Figure 1.

Iron metabolism and the pathway of ferroptosis. Ferrireductase (DMT1) converts Fe (III) to Fe (II). Some of Fe (II) is bound to ferritin and forms cytosolic labile iron pool (cLIP), and some crosses the basolateral membrane through ferroportin (FPN) into the plasma to combine with transferrin (TF). Fe (II) can initiate liposome peroxidation through the Fenton reaction. The system ${\mathrm{x}}_{\text{c}}^{-}$ is a counter-transport that can ingest cystine and excrete glutamic acid to synthesize glutathione (GSH). Glutathione peroxidase 4 (GPX4) is a selenium enzyme that catalyzes GSH into oxidized glutathione (GSSG) and reduces toxic peroxides to non-toxic hydroxyl compounds.
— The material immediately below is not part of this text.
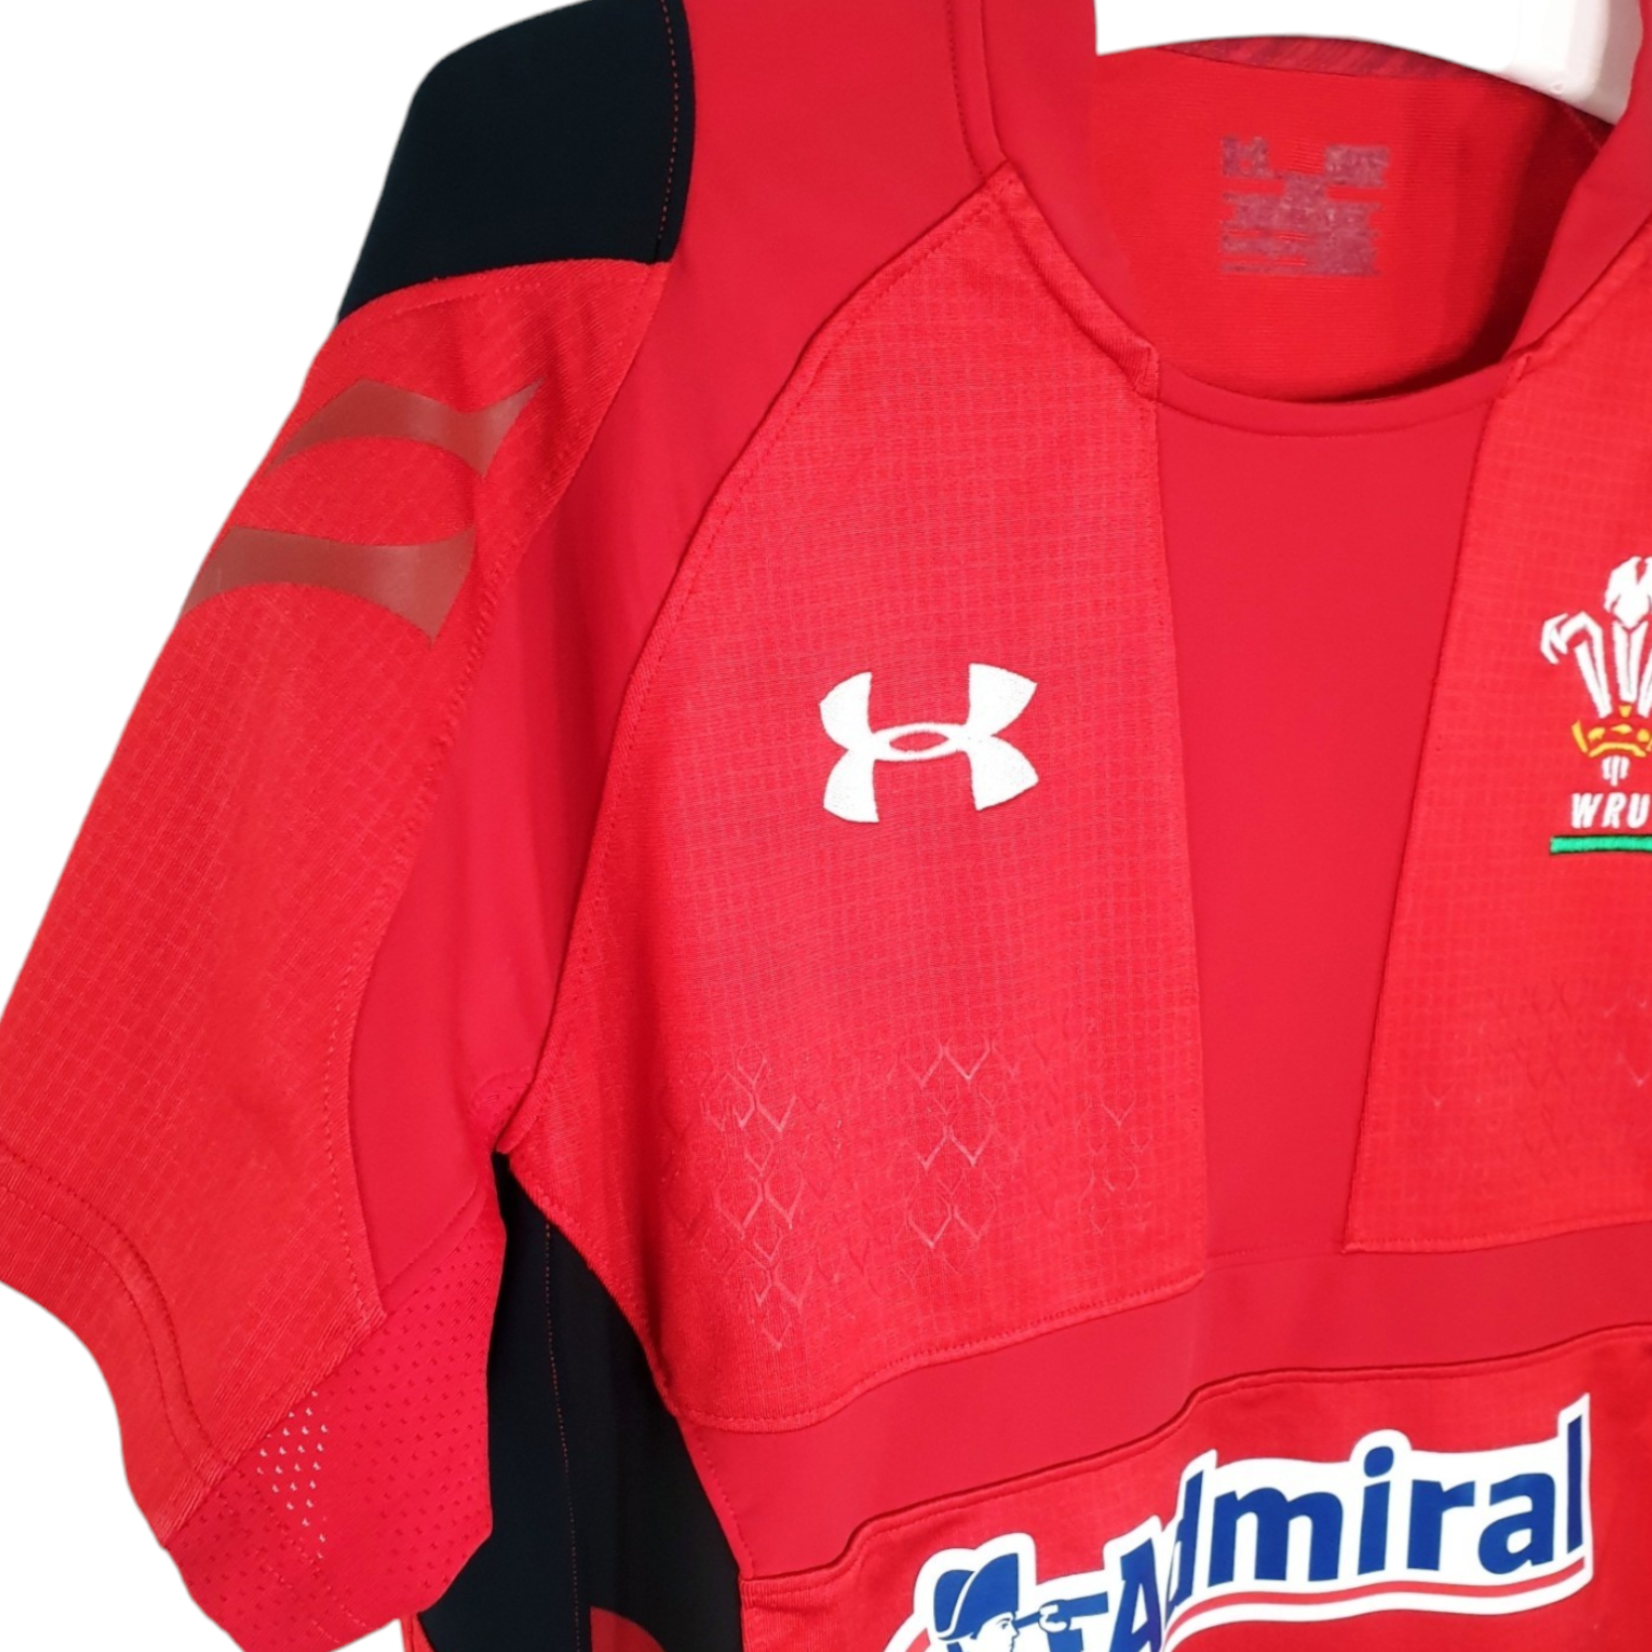 Under Armour Origineel Under Armour vintage rugby shirt Wales 2014/15

And the FSP1-CoQ-NADPH pathway and DHODH can inhibit lipid peroxidation and protect cells from ferroptosis by generating ubiquinol. In the GCH-BH4 pathway, GCH1 resists ferroptosis through its metabolite BH4. BH4 acts as a free-radical-trapping antioxidant or participates in ubiquinone synthesis to inhibit lipid peroxidation.